What is the Pre-Determined Use Test Under the Trade Agreements Act?
by Sudarsanan Sivakumar, Law Clerk
International Trade Law
Imagine that you are a seller of cookware products. Picture yourself ordering pans from China with a pre-existing shape and composition. Additionally, you order handles from China. You import the handle-less pan and the handles to the U.S. Finally, you attach the handles to the pans to create fully functional pans. Does this assembly process substantially transform the pans into TAA-compliant end-products?

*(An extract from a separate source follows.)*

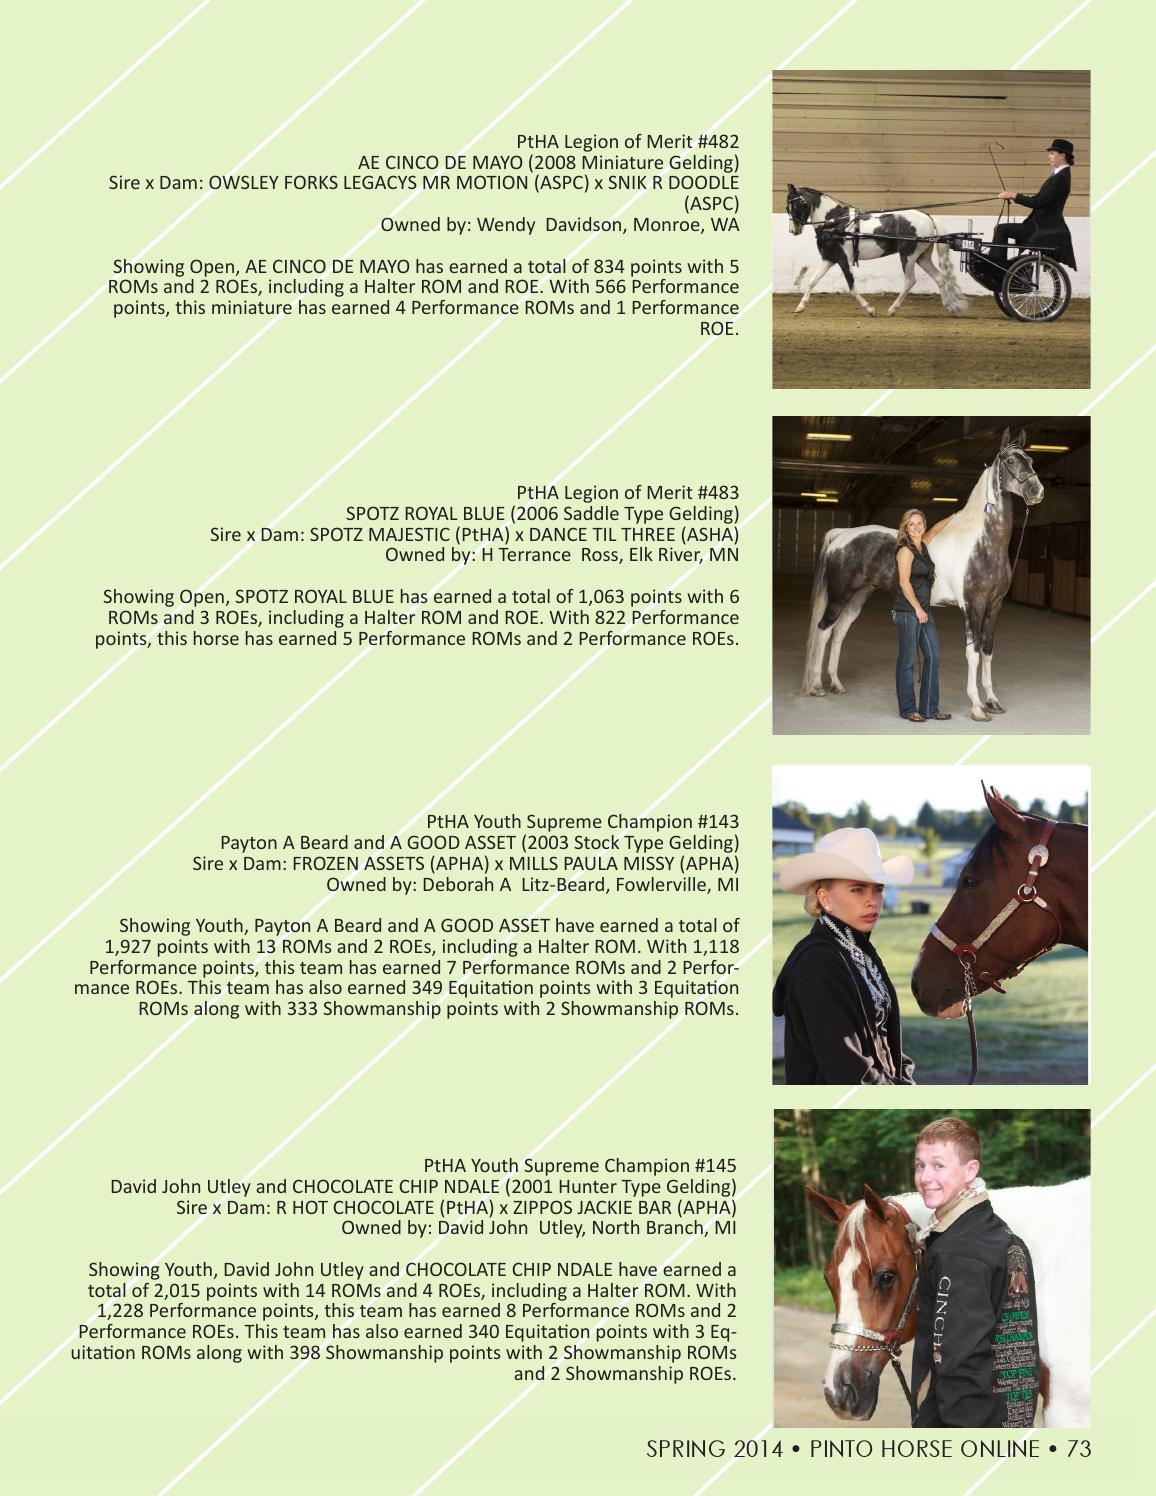 Pinto Horse Magazine - Spring 2014 by Pinto Horse

The United States Court of Federal Claims said no in an early case that formed the bedrock of this subtest.[1] The court applied the pre-determined end-use test, which was discussed in an earlier case.[2] The test is simple: the use of the components should not be predetermined at the time of importation. The court reasoned that the cookware could be used even without the post-importation process taking place in the U.S. On the other hand, the handles had the same use after the assembly process: to be used as handles for a pan. In other words, when the handles left China, their use was already predetermined at the time of importation, i.e., to be used as handles for a pan. If the handles had come in as raw materials, underwent a complex process to be transformed into handles, and then assembled onto the pan, maybe then it would have been considered a substantial transformation. The substantial transformation test states that an article or articles of commerce must undergo a change in name, character or use to become a new and different article of commerce. When such a change occurs, the article is “substantially transformed” and is compliant with the TAA if the transformation occurs in a designed country. China is not a designated country.

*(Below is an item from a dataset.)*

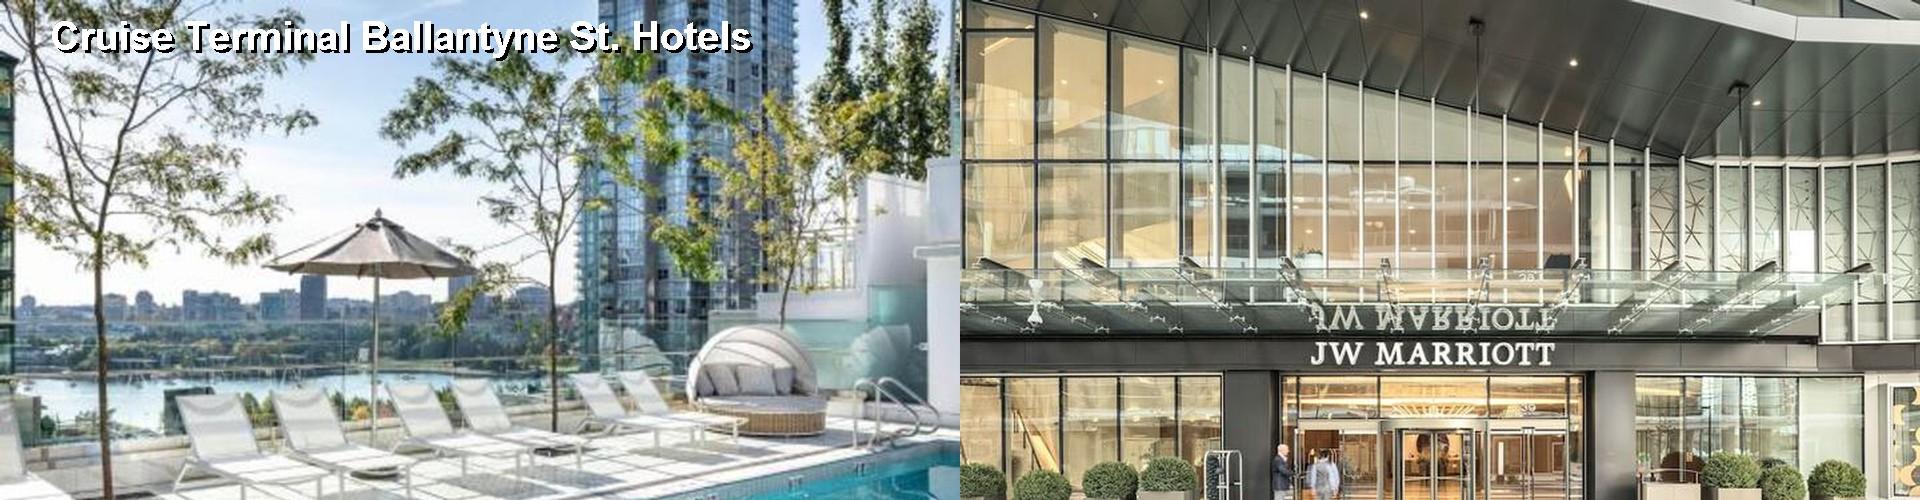 5 Best Hotels Near Cruise Terminal Ballantyne St

If you are selling to the government and the government requires you to sell TAA compliant products, keep in mind the pre-determined end-use test. If you have any questions, feel free to reach out to the author or Centre Law’s Partner Alan Chvotkin.
[1] In Energizer Battery, Inc. v. United States, 190 F. Supp. 3d 1308, 1319 (Ct. Int’l Trade 2016), the court quoted “Ran–Paige, 35 Fed.Cl. at 121–122 (when post-importation processing consisted primarily of attaching handles to pans and covers the court likened it to Nat’l Hand Tool when “plaintiff did not change the use of the components, especially given the fact that the use was predetermined at the time of importation”); Uniroyal, 3 C.I.T. at 226, 542 F.Supp. at 1031 (the court did not find substantial transformation when the imported upper underwent no physical change, “[n]or was its intended use changed. It was manufactured by plaintiff in Indonesia to be attached to an outsole; it was imported and sold to Stride–Rite for that purpose; and Stride–Rite did no more than complete the contemplated process”).” These early cases formed the fundamental idea behind the pre-determined end-use test.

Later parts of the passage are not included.